How This Indian Space Enthusiast Helped NASA Find The Crash Site Of Chandrayaan-2’s Vikram Lander On The Moon
Meet the Indian space enthusiast who helped NASA find the crash site of the Vikram lander on the cratered surface of the moon.
We finally know where Chandrayaan-2’s Vikram lander crashed on the cratered surface of the moon in the pre-dawn hours of 7 September.
National Aeronautics and Space Administration (NASA) said late on Monday that it had spotted the lander’s impact site and its debris in the images captured over the last few months by its Lunar Reconnaissance Orbiter (LRO). NASA managed to do it with help from an Indian engineer, Shanmuga Subramanian.
On 17 September, little over a week after the Indian Space Research Organisation (ISRO) lost contact with the Vikram lander, NASA’s LRO passed over and photographed the area around the point it was supposed to land.
However, at the site, the end of the lunar day, which is equivalent to 14 earth-days, was nearing. This means that, at the landing site, the sun is low on the horizon and it is near dusk in the region.
Moreover, near the lunar south pole, where Vikram was to land (around 71 degree south of the lunar equator), the sun does not rise higher than around 19 degree in the sky. (Sunlight strikes at low angles in these regions of the moon, only skimming the rims of craters and leaving the interiors cold in shadow.)
These conditions created long shadows on the surface, covering the lander. As a result, LRO couldn’t capture the details it could have otherwise, and NASA was unable to spot the Vikram lander on the surface of the moon.
NASA released the first set of pictures on 26 September. Many, including Subramanian, a mechanical engineer based in Chennai, immediately got to work.
“It was something challenging as even NASA couldn’t find out. So why can't we try out? And that's the thought that led me to search for Vikram lander,” he told Swarajya soon after NASA named him in its press release.
A graduate of the Government College of Engineering in Tamil Nadu’s Tirunelveli district, Subramanian works for an “L & IT Architect” in Chennai.
“I am crazy about rockets from my childhood and never missed watching a rocket launch on television until I reached college. That got interested and hooked me in space exploration always,” he wrote in an email.
Finding the hint, which he passed on to NASA, wasn’t easy, Subramanian said.
“There was no data available about the path of Vikram lander. I eventually concluded it would have come from North Pole as one of the tweets from Cees Bassa (astronomer ASTRON, the Netherlands Institute for Radio Astronomy) said Vikram has crossed North Pole of Moon,” he told this correspondent.
Subramanian “searched NASA’s pictures for four to five days, every night”.
He got “false positives” initially and was corrected by Twitterati. One such tweet led him to a reddit forum, where he got the information he was looking for.
Then, from ISRO’s “live images”, Subramanian concluded that the Vikram lander must have “stopped short of around 1 km from the landing spot so it eventually lead to me searching around 2 square km around the landing area,” he wrote.
“I searched around North of the landing spot as Vikram approached the landing spot only from North and though there was lot of false positives,” he added.
But, eventually, Subramanian spotted a little bright spot and contacted the scientists working with the LRO’s camera.
“I found a tiny little dot.

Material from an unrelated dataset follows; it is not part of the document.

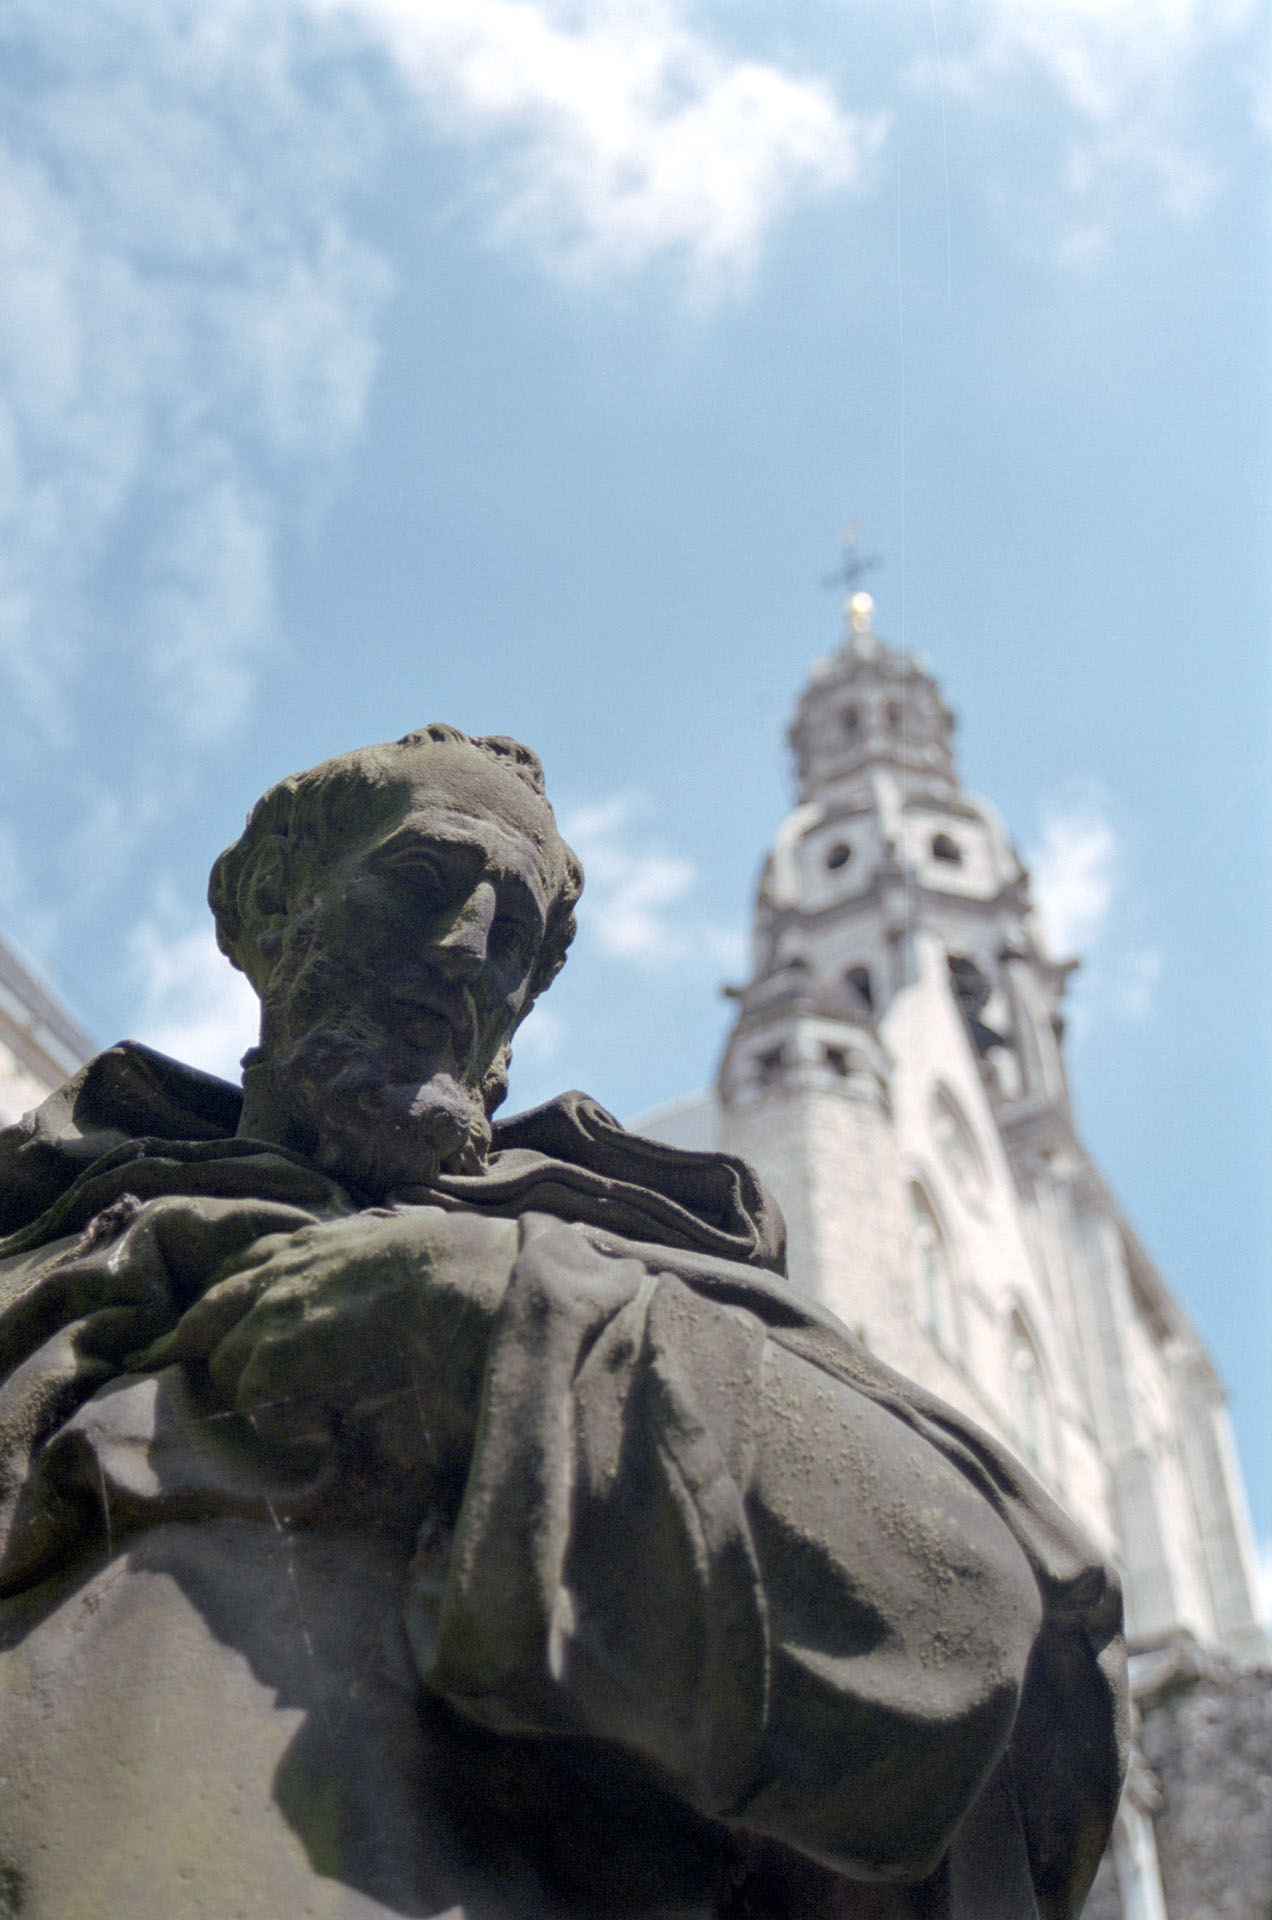 Antwerpen - Belgium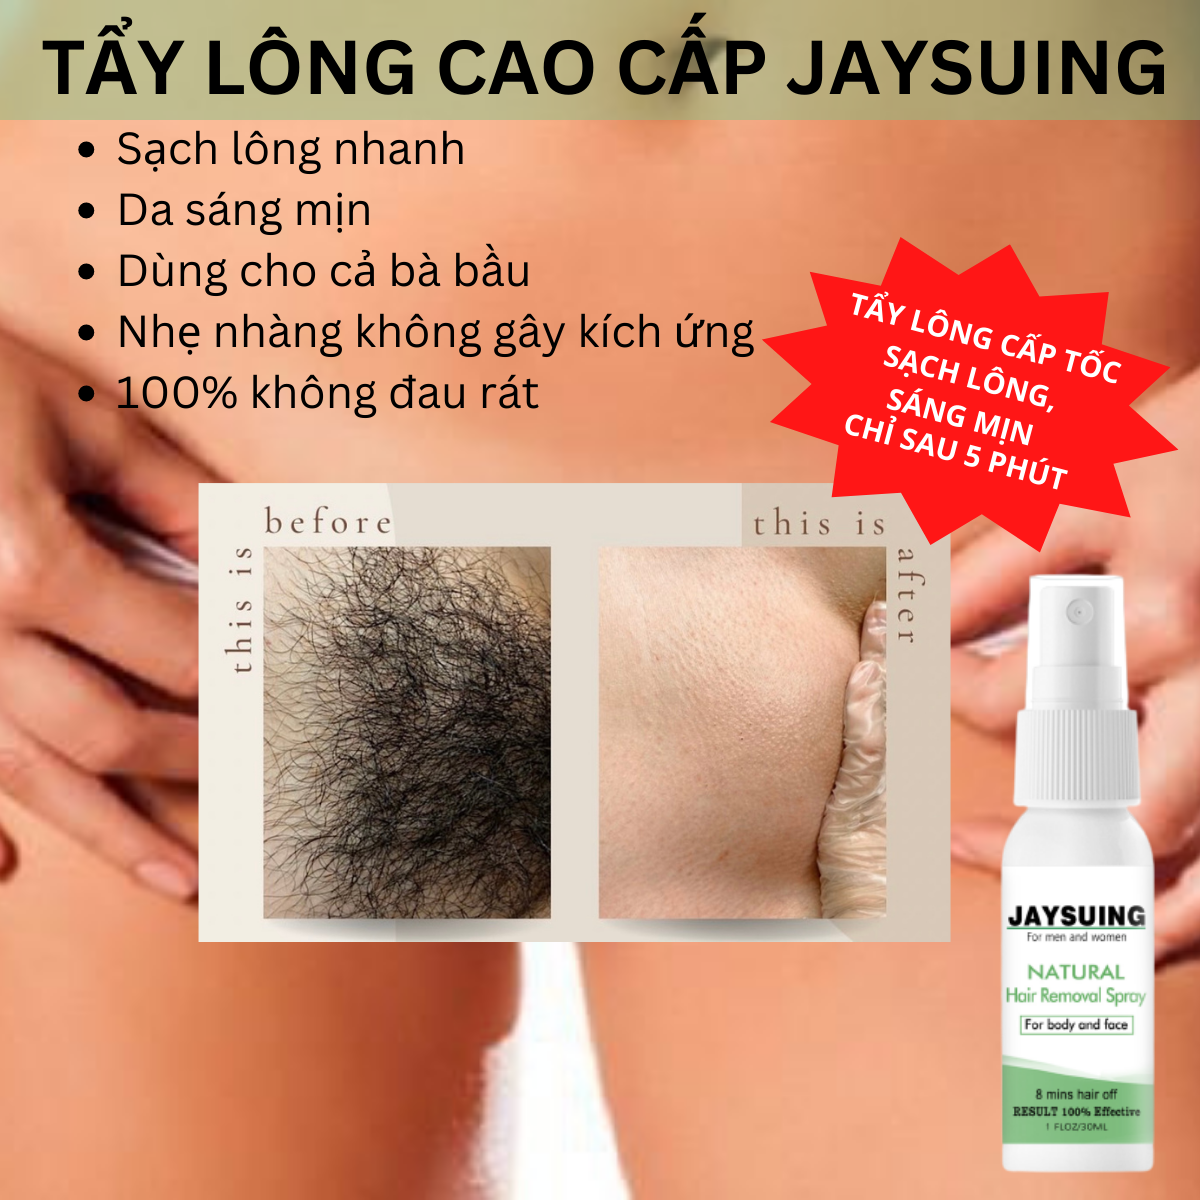 hair removal spray Chất Lượng, Giá Tốt

After comparing with LRO images from the last 9 years, which confirmed it would be the debris, I reached out NASA,” he said.
After receiving the information, LRO scientists scoured the area in which Subramanian had spotted the bright pixel. They compared the images of the area taken before the Vikram lander’s attempted soft-landing and those taken by the LRO camera on 11 November (over a month after the hard landing).
In the process, NASA was able to find the spot of impact nearly 2,500 feet southeast of Vikram lander’s designated landing site, “and a spray of debris emanating outward”.
It was one of these pieces of debris that Subramanian had located.
The debris he spotted (marked ‘S’ in the picture below) is around 750 metres northwest of the main crash site of the Vikram lander. It was a single bright pixel identification in the first mosaic (1.3 metre pixels, 84 degree incidence angle) that had been released by NASA as early as 26 September.
John Keller, the deputy project scientist for the LRO project, confirmed Surbamanian’s contribution. “Thank you for your email informing us of your discovery of debris from the Vikram lander. The LRO team confirmed that the location does exhibit changes in images taken before and after the date of the landing,” he wrote to him.
“Using the information, the LRO team did additional searches in this area and located the site of the primary impact as well as other debris around the impact location and has announced the sighting on the Nasa and ASU pages where you have been given credit for your observation,” he wrote to Subramanian.
Subramanian says he couldn’t have spotted the debris without LRO data.
“They (LRO’s team) replied only today after they confirmed. The surface was not illuminated and I do know that before going public they need to be 100 per cent sure that it was Vikram lander. So I was waiting for the confirmation and eventually got it today,” he told Swarajya.
“I don't think Vikram lander would have made such impact on minds of Indian public if it had landed successfully,” Subramanian added.